Reserve Bank of India Governor Shaktikanta Das Friday said high frequency food price indicators “point to an increase in prices of key vegetables which may push retail inflation higher in the near-term”.
“The near-term outlook is masked by risks to food inflation which might lead to an inflation uptick in November and December. This needs to be watched for second round effects, if any,” Das said.
Going ahead, inflation outlook would be considerably influenced by uncertain food prices, Das said while announcing the monetary policy on Friday. “The ongoing rabi sowing progress for key crops like wheat, spices and pulses needs to be closely monitored. Elevated global sugar prices are also a matter of concern,” he said.
Das said global commodity prices, particularly, agricultural commodity prices, have softened, except for rice. For highly import dependent food items like edible oils, international prices continue to remain soft. Domestic milk prices are also stabilising, said Das. “Pro-active supply side interventions by the government are also containing domestic food price pressures. Crude oil has softened considerably, though it may remain volatile,” he said.
Taking into account these factors and on the assumption of normal monsoons, retail inflation is projected at 5.4 per cent for 2023-24, Das said. It is expected to be at 5.6 per cent in Q3 and 5.2 per cent in Q4. Retail inflation for the first quarter of 2024-25 is projected at 5.2 per cent, Q2 at 4.0 per cent and Q3 at 4.7 per cent.
“We have made significant progress in bringing down inflation to below 5 per cent in October 2023 despite occasional blips due to intermittent supply shocks. The summer of 2022 is behind us,” Governor said.
“Inflation will start inching up because food inflation is going to increase. We have seen onion and tomato prices going up again. So, there is no case for even thinking of lowering the repo rate. At the same time, core inflation is around 4 per cent, and therefore, there is no reason for the RBI to increase the rate,” said Madan Sabnavis, chief economist, Bank of Baroda.
“Our policy of prioritising inflation over growth, hiking policy rate by 250 basis points in a calibrated manner and draining out excess liquidity have worked well, alongside supply-side measures taken by the government, to bring about this disinflation,” Das said.
“The fact that core inflation has also trended lower and household inflation expectations have become better anchored gives us the confidence and conviction that monetary policy is doing its job. On the other hand, growth remains resilient and robust, surprising everyone on the upside,” Das said.
“Notwithstanding this progress, the target of 4.0 per cent retail inflation is yet to be reached and we have to stay the course,” he said. Headline inflation continues to be volatile due to multiple supply side shocks which have become more frequent and intense.

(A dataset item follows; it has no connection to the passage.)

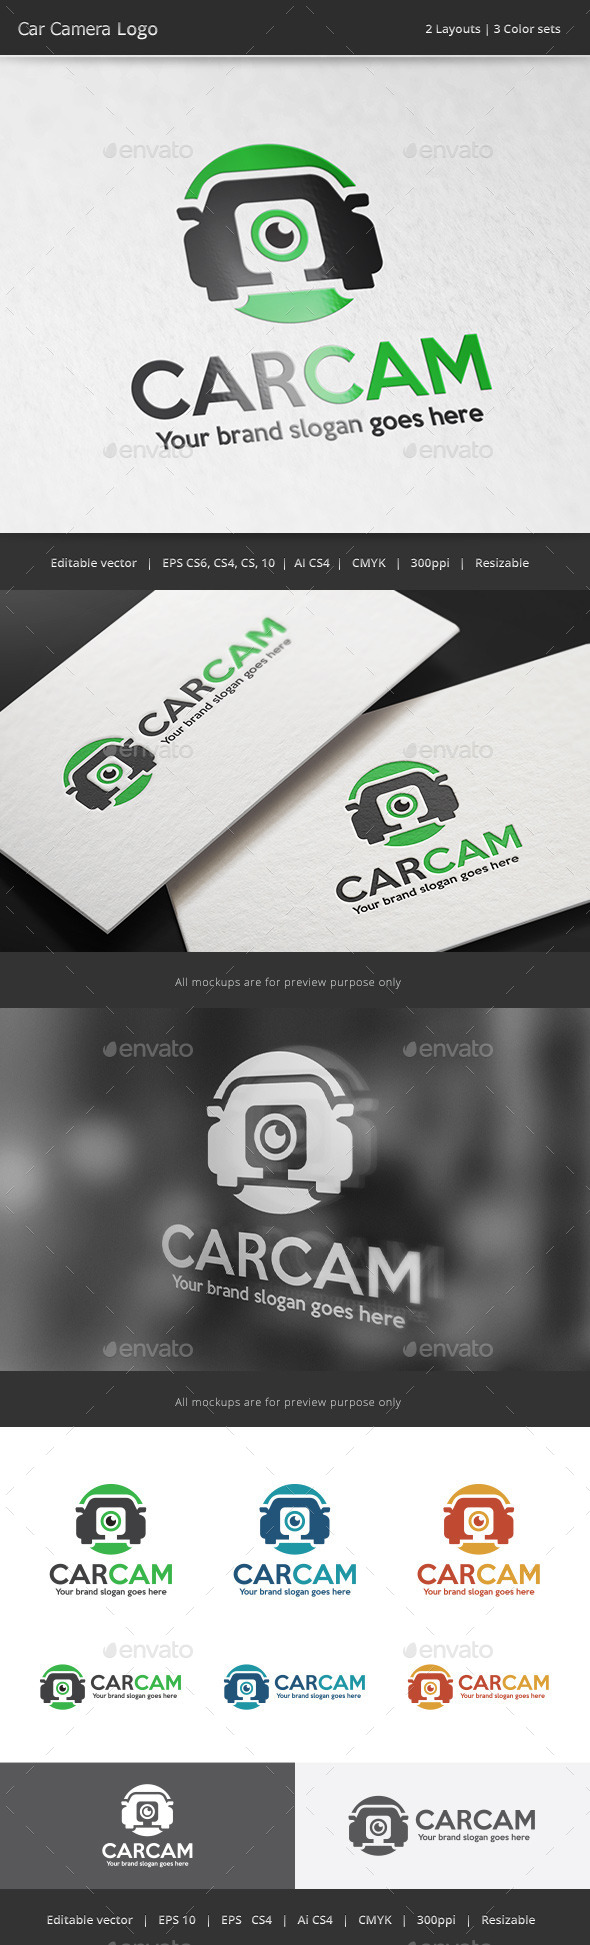 Car Camera Logo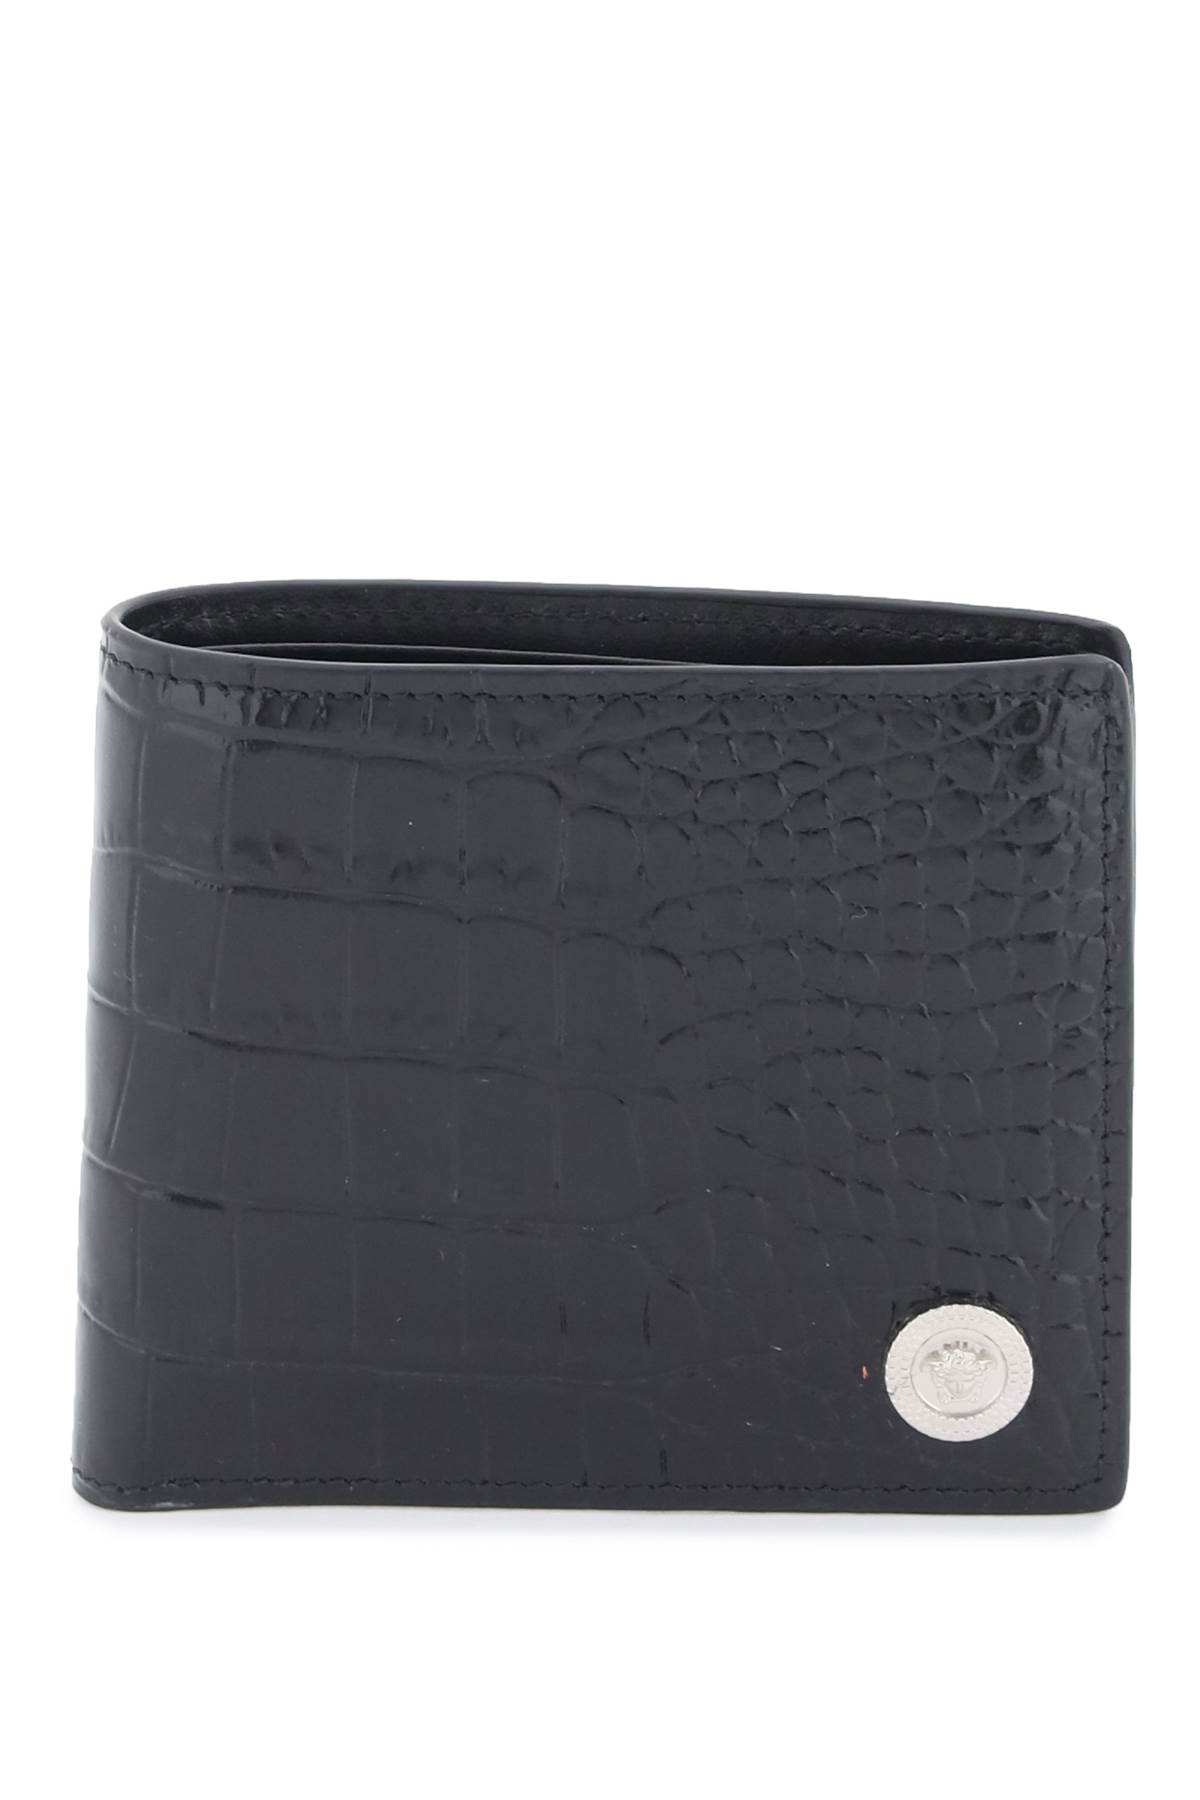 Versace Medusa Biggie Wallet In Black Palladium (black)

RBI said the trajectory of food inflation needs to be closely monitored. Intermittent vegetable price shocks could once again push up headline inflation in November and December. While monetary policy would look-through such one-off shocks, it has to stay alert to the risk of such shocks becoming generalised and derailing the ongoing disinflation process. In the midst of these uncertainties, monetary policy has to remain actively disinflationary to ensure a durable alignment of headline inflation to the target rate of 4.0 per cent, while supporting growth, Das said.